A true American patriot doesn't wrap himself up in the flag while speaking glowingly about war. A true American patriot defends the Constitution and the laws of the United States of America. Any talk at all about patriotism which avoids mention of faithfulness to the laws and Constitution of America isn't even worth listening to.

A federal judge in California said Wednesday (two days ago) that the wiretapping law established by Congress (in 1978) was the “exclusive” means for the president to eavesdrop on Americans, and he rejected the government’s claim that the president’s constitutional authority as commander in chief trumped that law.

The judge, Vaughn R. Walker, the chief judge for the Northern District of California, made his findings in a ruling on a lawsuit brought by an Oregon charity. The group says it has evidence of an illegal wiretap used against it by the National Security Agency under the secret surveillance program established by President Bush after the terrorist attacks of Sept. 11, 2001.

“Congress appears clearly to have intended to — and did — establish the exclusive means for foreign intelligence activities to be conducted,” the judge wrote. “Whatever power the executive may otherwise have had in this regard, FISA limits the power of the executive branch to conduct such activities and it limits the executive branch’s authority to assert the state secrets privilege in response to challenges to the legality of its foreign intelligence surveillance activities.” Link

Much has been said about the telecom immunity portion of H.R. 6304....but the provision legalizing the wholesale vacuuming up of American's electronic communications without probable cause or warrants, or even any meaningful far more troubling.

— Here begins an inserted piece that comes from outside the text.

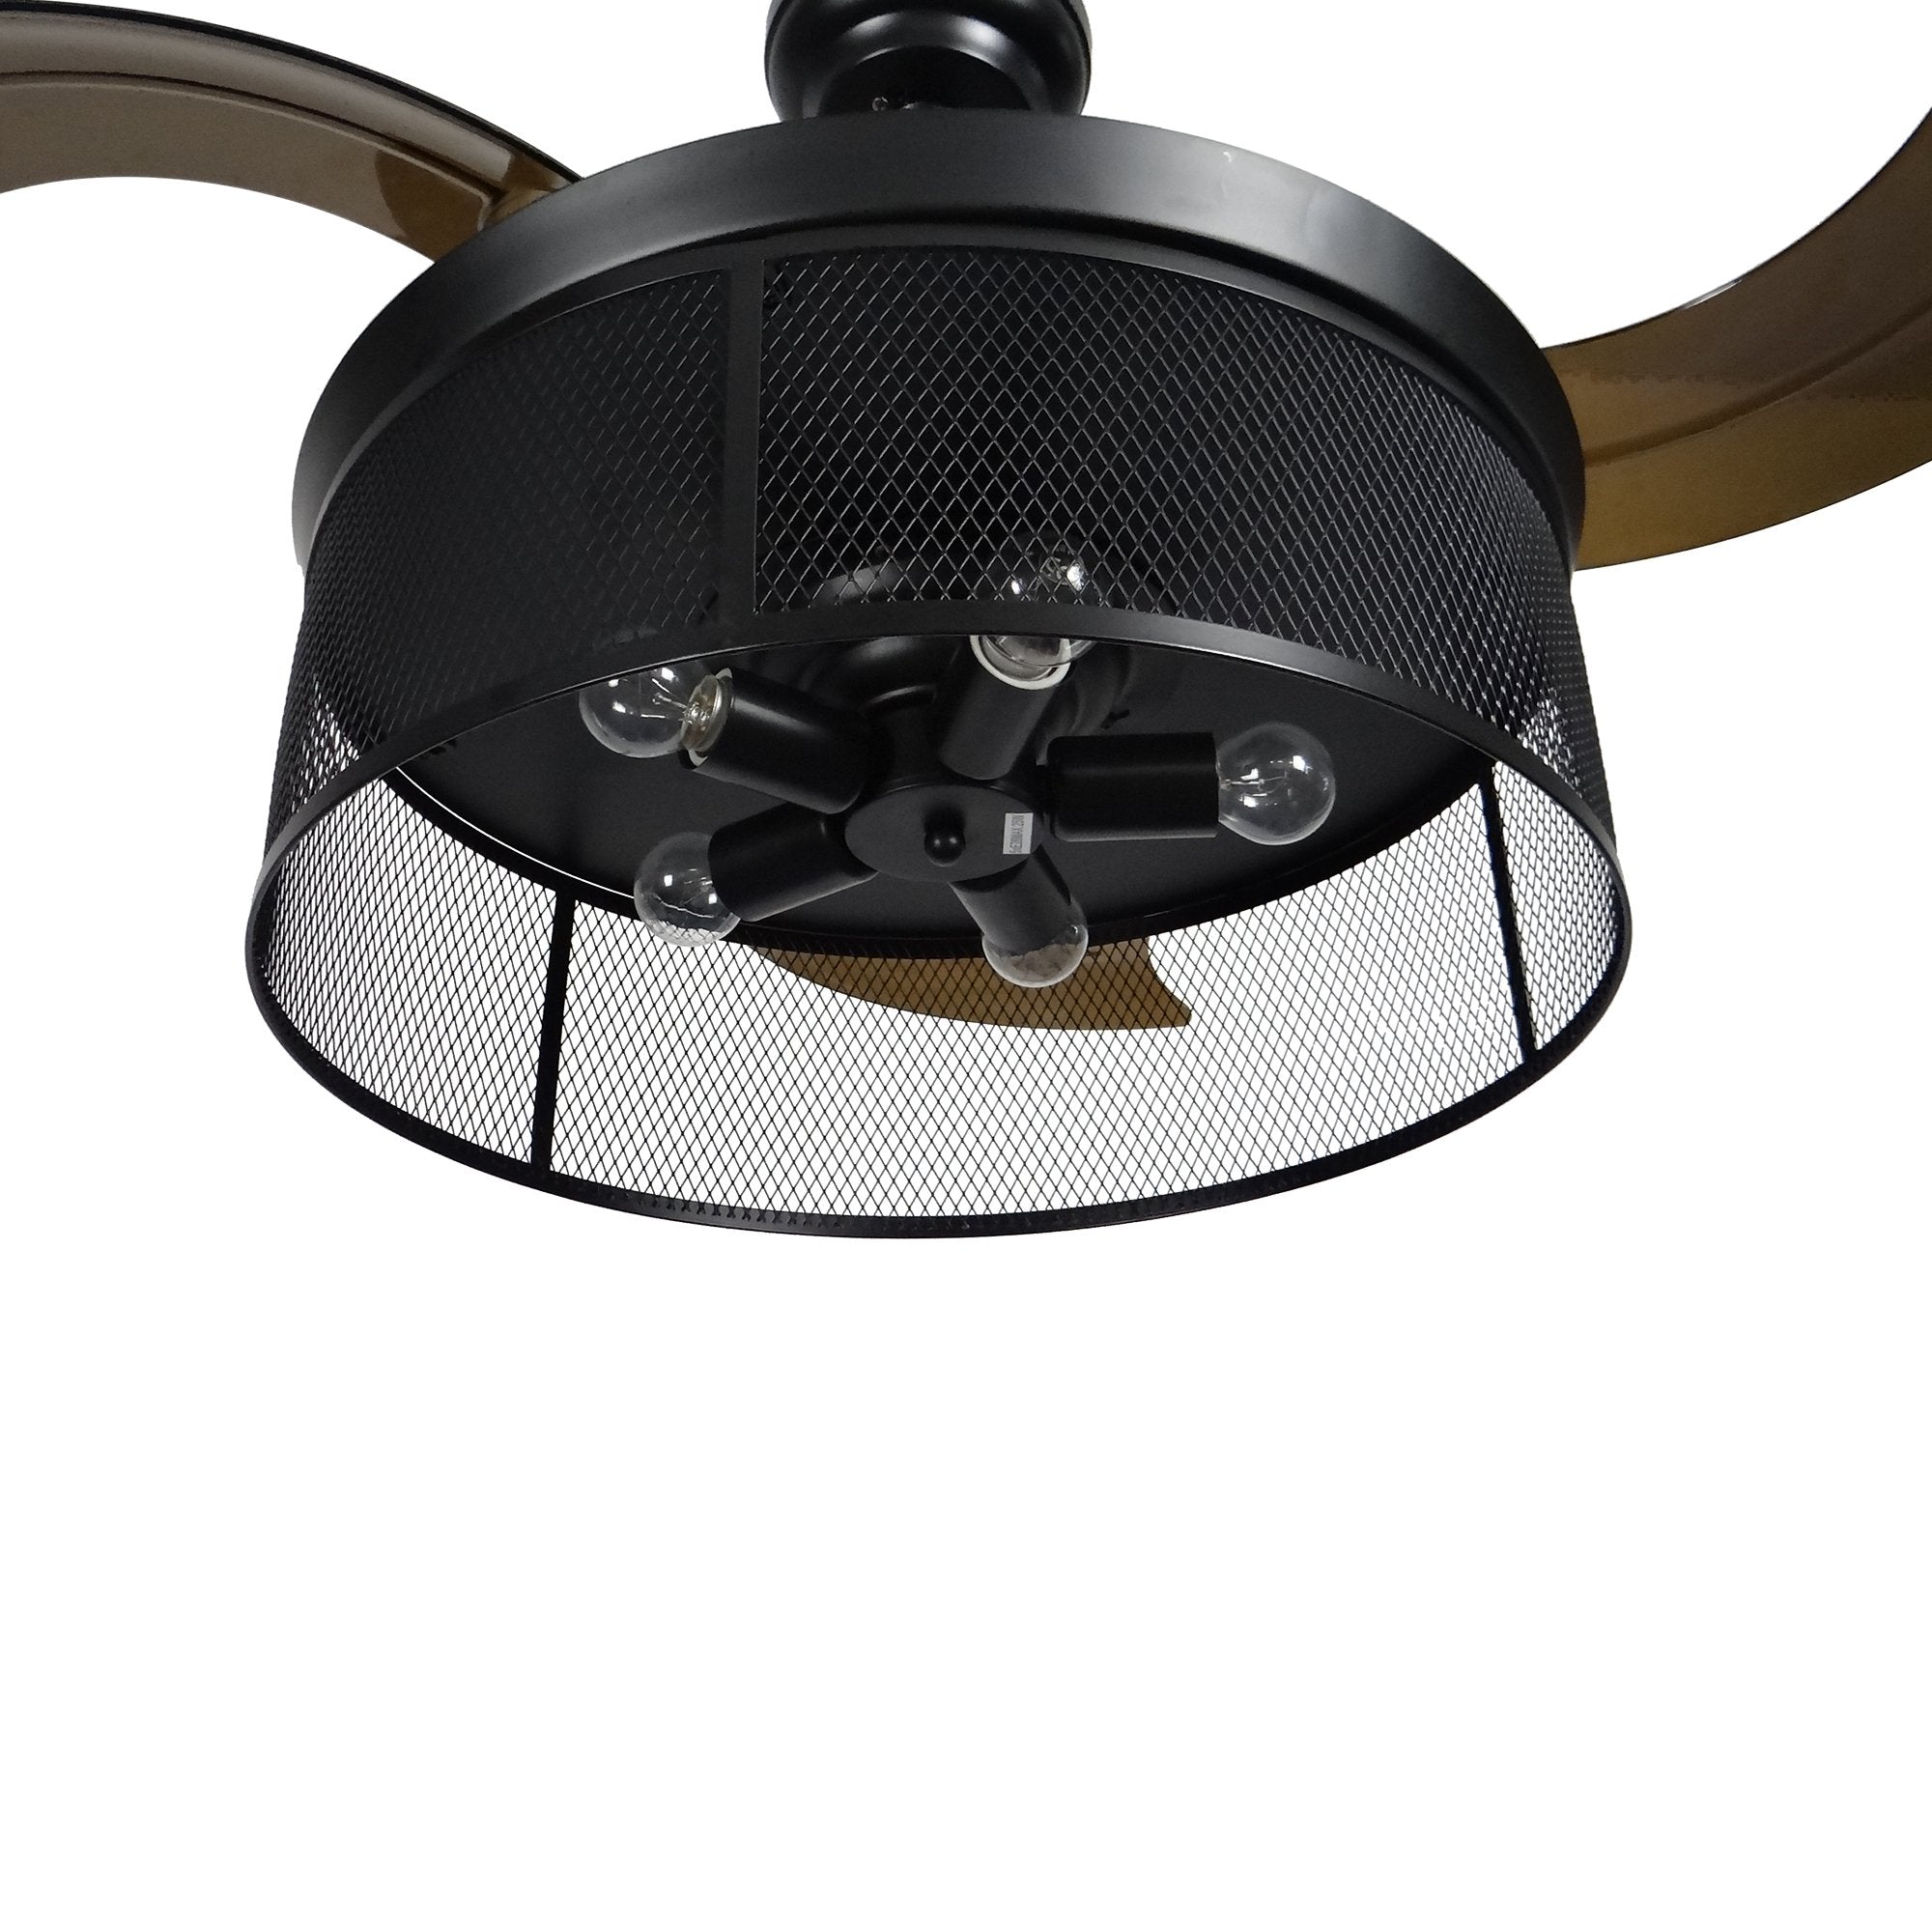 Paloma 42 Inch 3-Blade Retractable Best Smart Ceiling Fan With Wall Switch

...the old FISA allowed NSA to conduct a wiretap for up to 72 hours while waiting for FISA approval. The new bill extends this to a week, allows the surveillance to continue during appeals, and permits the government to use any of the information it collects even if the FISA court eventually rules that the tap is unlawful. This pretty obviously opens the door to some fairly serious abuse in the future.

We're tapping the phones of anyone who fits a hazy and seldom accurate profile that NSA finds vaguely suspicious, a profile that inevitably includes plenty of calls in which one end is a U.S. citizen. But the new FISA bill doesn't require NSA to get a warrant for any of these individuals or groups, it only requires a FISA judge to approve the broad contours of the profiling software.

...the decision about which U.S. citizens to spy on is being vested in a small group of technicians operating in secret and creating criteria that virtually no one else understands. Link

Today is Independence Day, a day commemorating our nation's declaration of independence from British rule. Fireworks, flag waving, lofty speeches, quotable quotes....will all be part of this commemoration.

Noticeable by it's absence will be much, if any, serious discussion about how a nation that prides itelf on a Constitutional form of independent rule has become so dependent, recently, on the whims of men rather than established American law.

Today we celebrate Independence week the Senate will pass a bill, basically rejecting the rule of law and the 4th amendment to the Constitution pertaining to government spying on Americans.

That's not Independence. That is Dependence on men.